PhD projects

Update May 2012:

This page lists PhD Topics that are being considered for starting in or around October 2012. Some of these projects already have guaranteed funding (for University fees and living costs) for students from particular backgrounds (as indicated below) while others are possibly available for students with their own funding. For further information on applying please see (link to http://www.met.reading. ac.uk/pg-research/pgrapplications.html ) or email phdinfo@met.reading.ac.uk

For students with their own funding, other projects can be made available, following discussions with suitable supervisors. Please contact phdinfo@met.reading.ac.uk for more information.

THE FOLLOWING PROJECTS CURRENTLY HAVE FUNDING AVAILABLE

The generation of downwind rainbands by mountains

Supervisors: Dr Suzanne Gray (Univ. Reading), Dr David Schultz (Univ.
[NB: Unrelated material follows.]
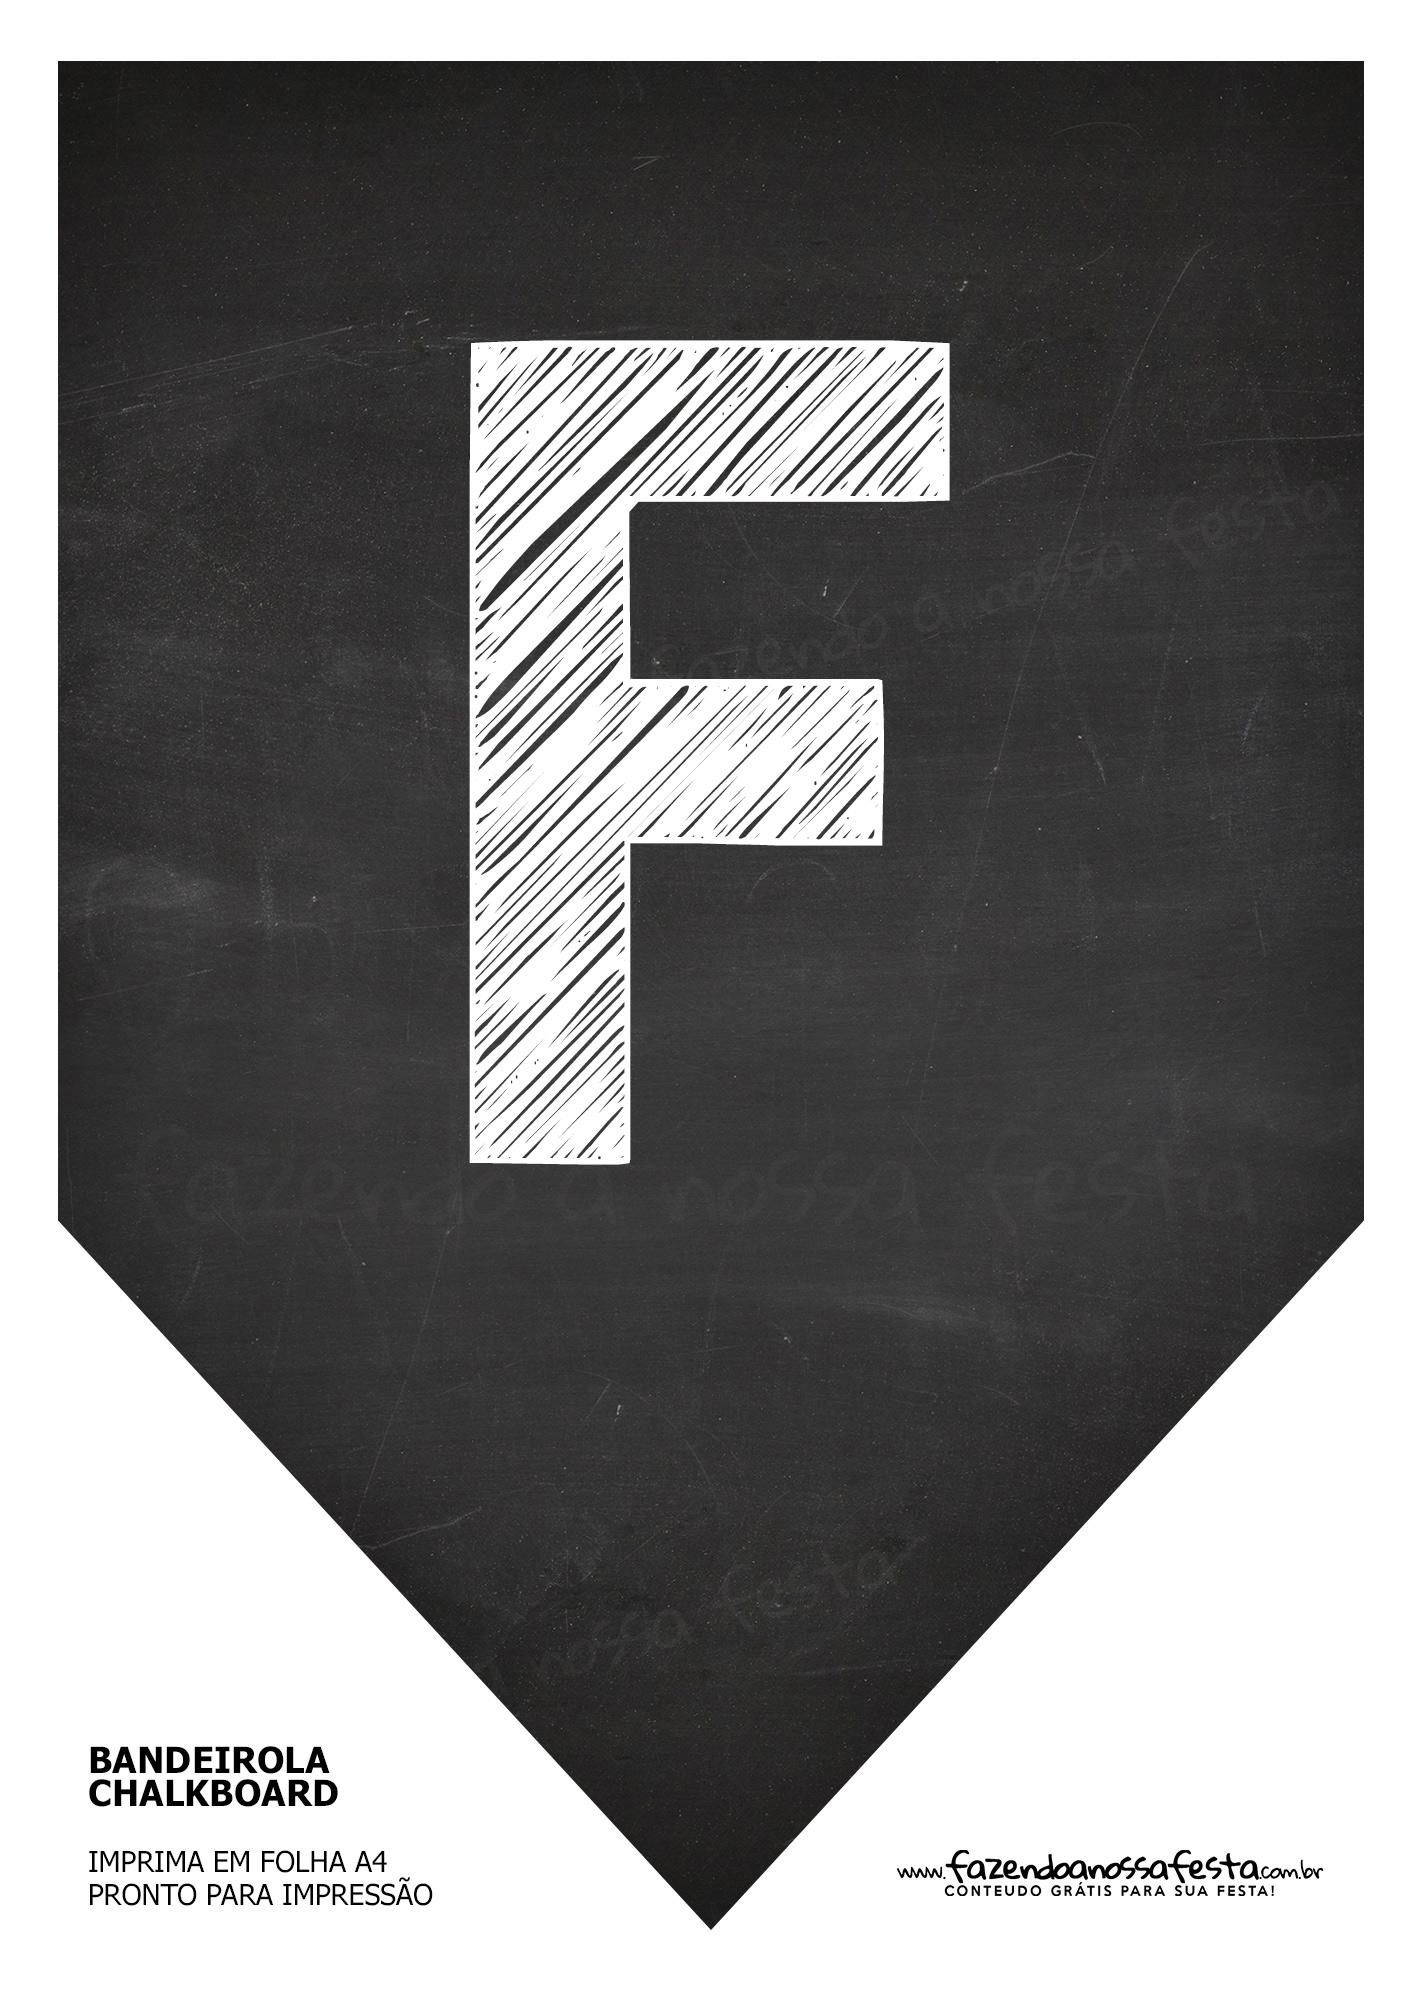 Bandeirola Chalkboard F

Manchester) and Dr Dan Kirshbaum (McGill University)

Full funding available to UK students and eligible non-UK EU students

Flash floods are acute hazards with long-term social-economic consequences and it is essential that they be accurately understood and predicted. Recent devastating flash flood events include the Boscastle flood of 2004 and the Cockermouth flood of 2009. Two of the three principal mechanisms behind UK flash-flooding events are convective storms and orographic rainfall (the other being frontal systems). Although convection and orography may act independently to produce extreme rainfall, they are often closely linked over the complex UK terrain. The mechanical ascent upstream, over, and downwind of steep terrain and the thermally-driven ascent due to elevated heating lead to storms in convectively unstable airflow. Because orography is fixed in space, these storms may anchor to specific terrain features and focus their rainfall over preferred areas leading to bands of rainfall (termed rainbands). In particular, quasi-stationary rainbands, locked to the terrain, are a manifestation of orographic convection that greatly increases flood risks because they focus heavy rainfall over specific regions.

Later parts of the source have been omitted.